- **RECORDED DATA**
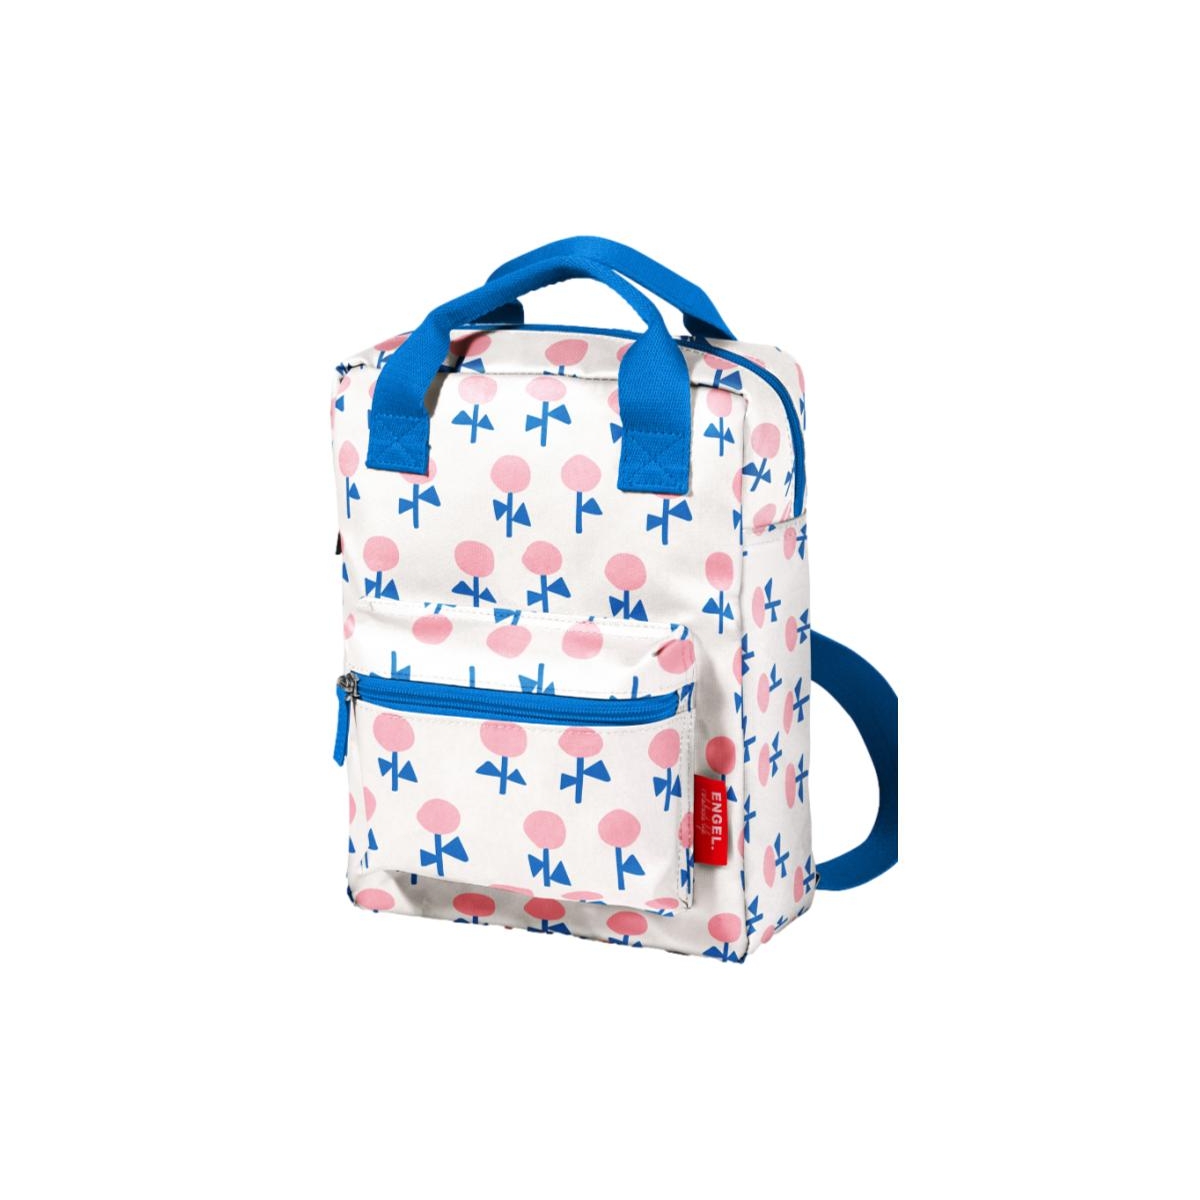 Engel. - Flower backpack multi - Backpacks - 11.360
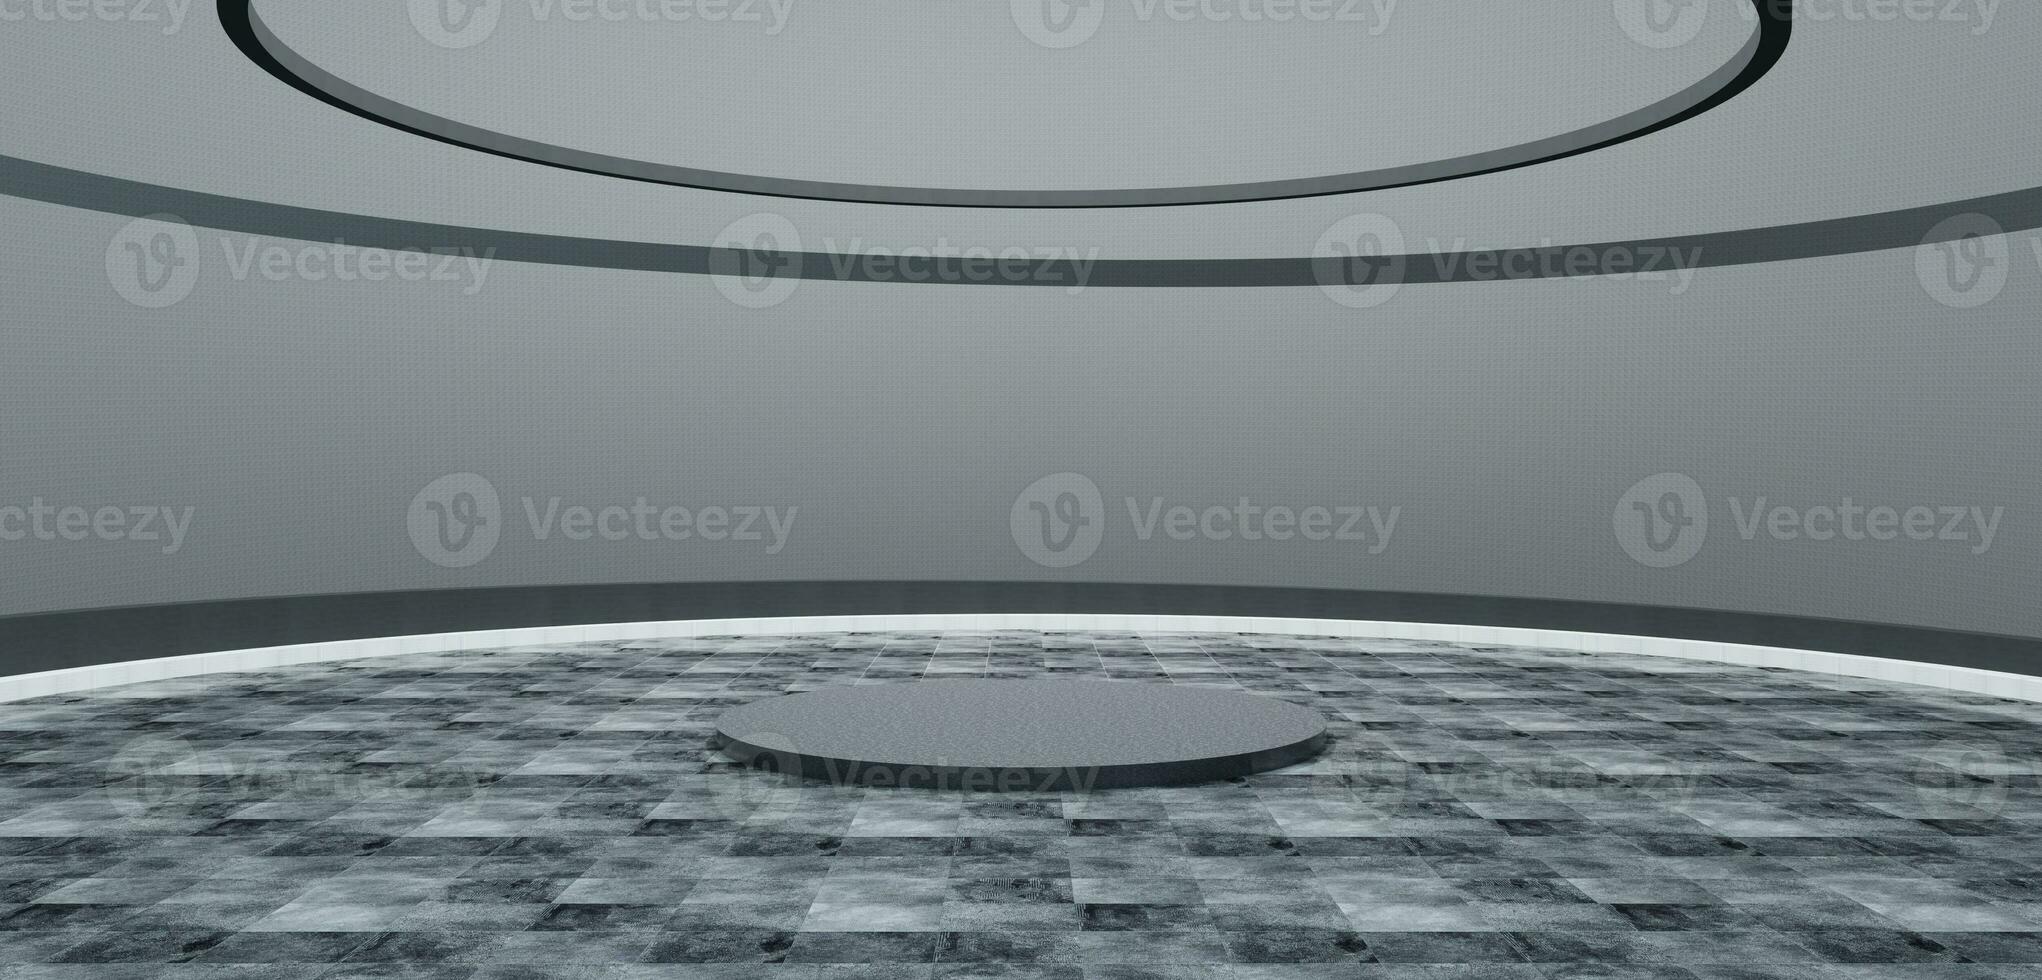 kromme vormig stadium circulaire kamer ronde podium ronde scherm gebogen koepel Super goed hal 3d illustratie foto
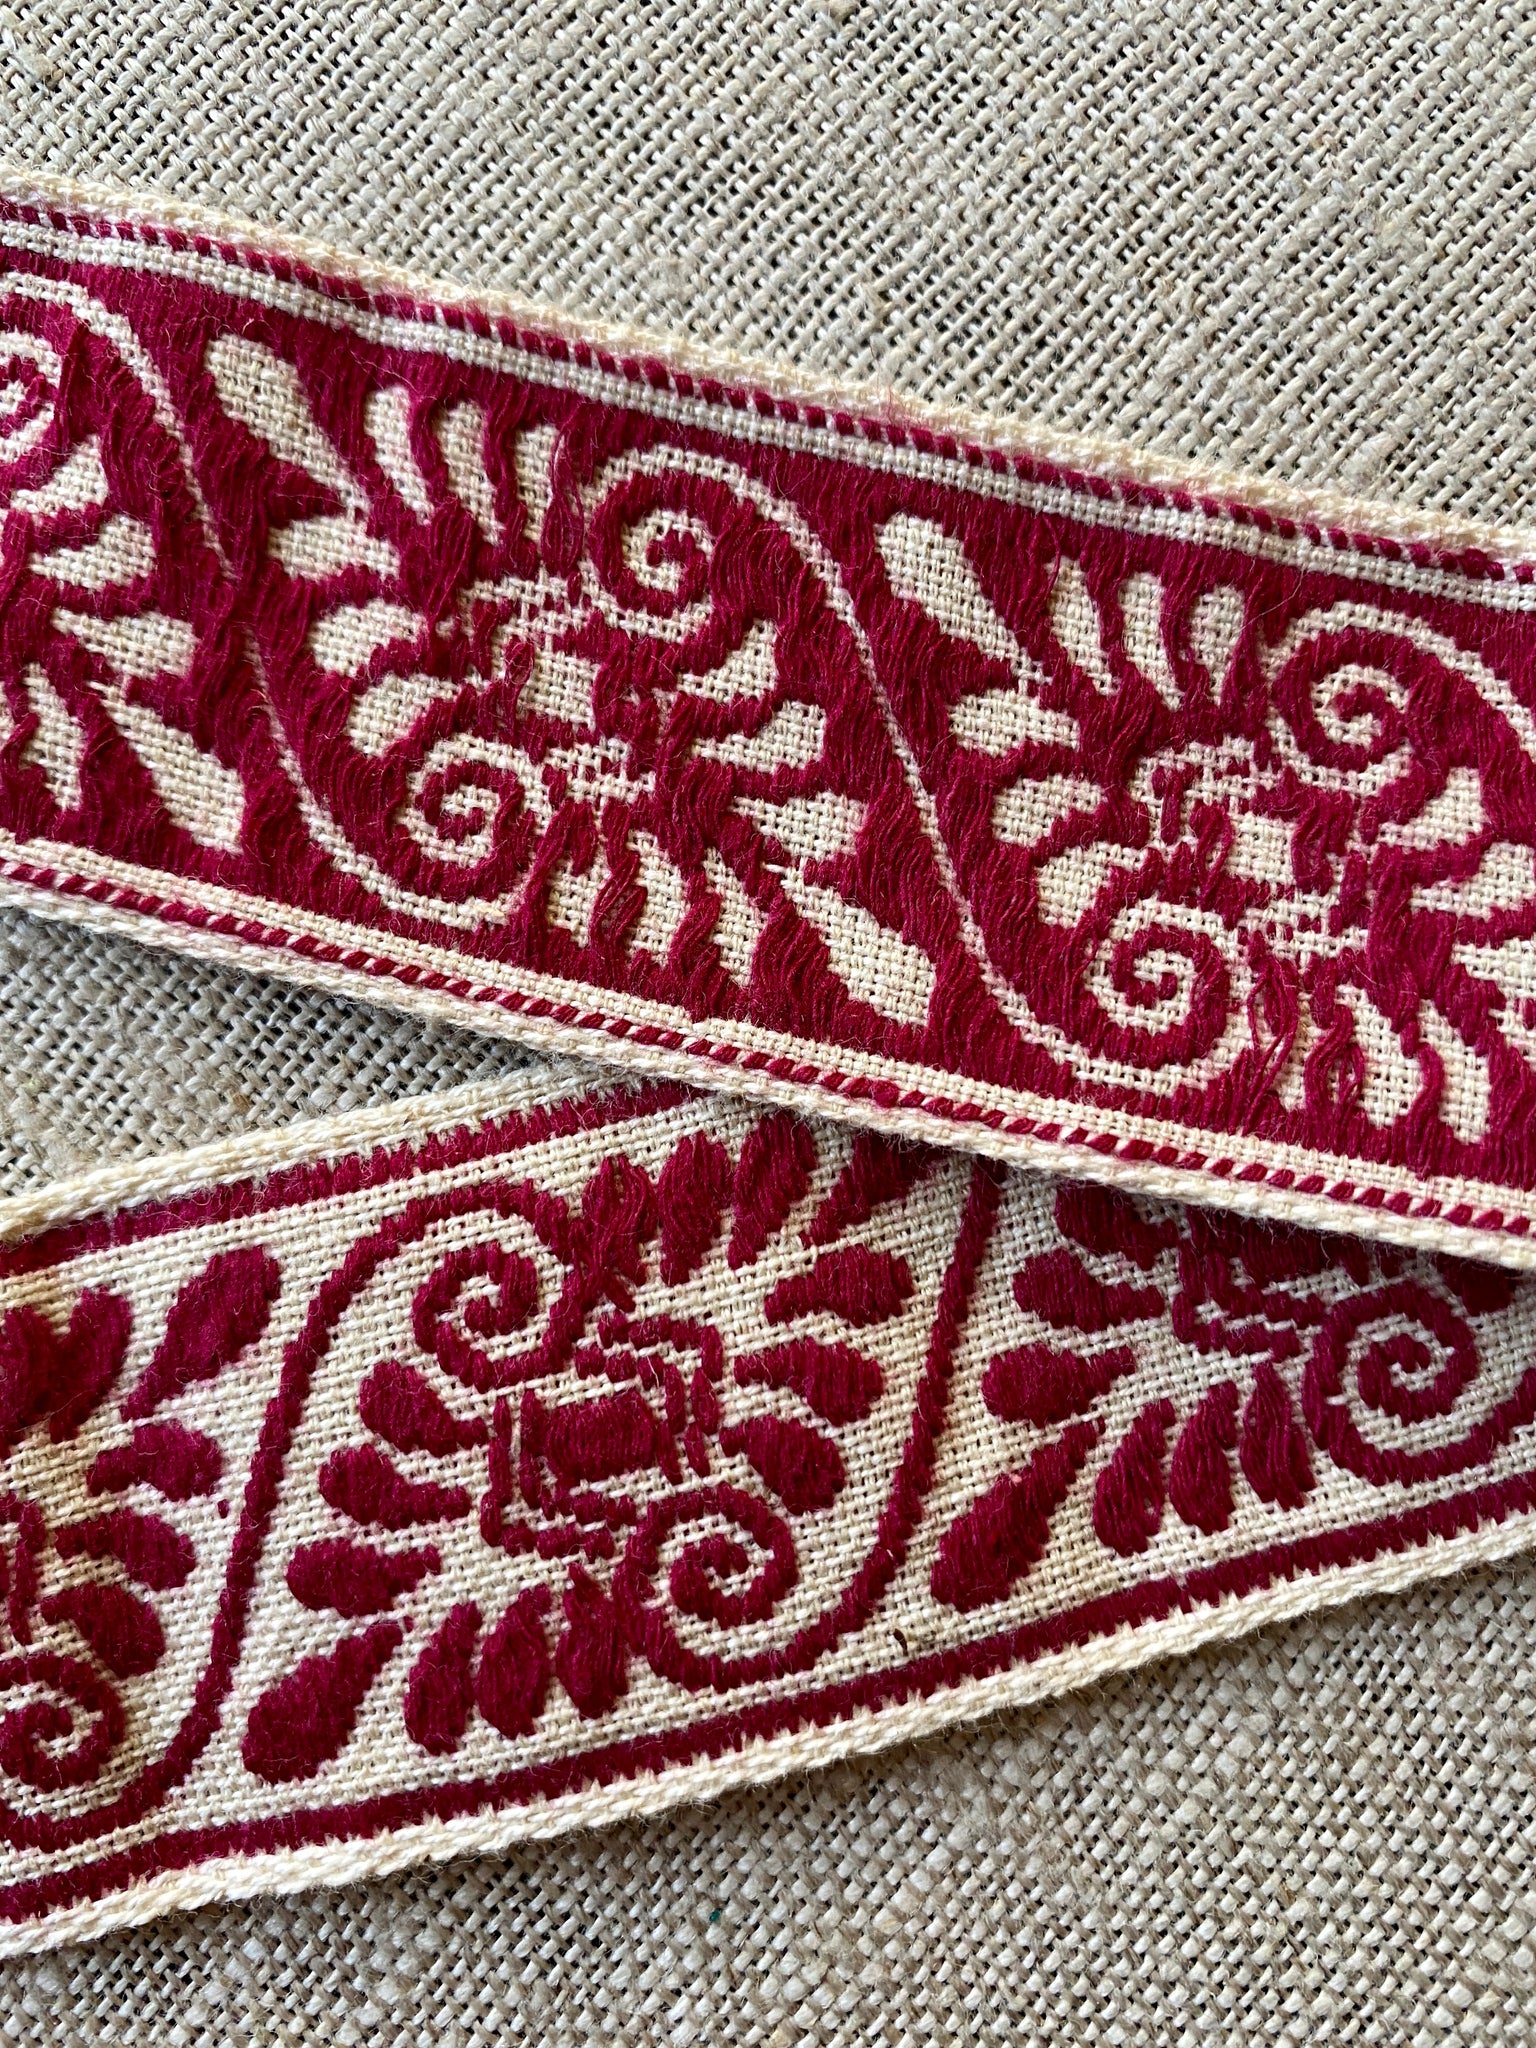 Turkey Red Tatting Thread – Vintage Passementerie

- **PROBLEM**
Could you transcribe all of the data exactly and omit the pictures?

- **TASK RESULT**
 Engel. - Flower backpack multi - Backpacks - 11.360
 kromme vormig stadium circulaire kamer ronde podium ronde scherm gebogen koepel Super goed hal 3d illustratie foto
 Turkey Red Tatting Thread – Vintage Passementerie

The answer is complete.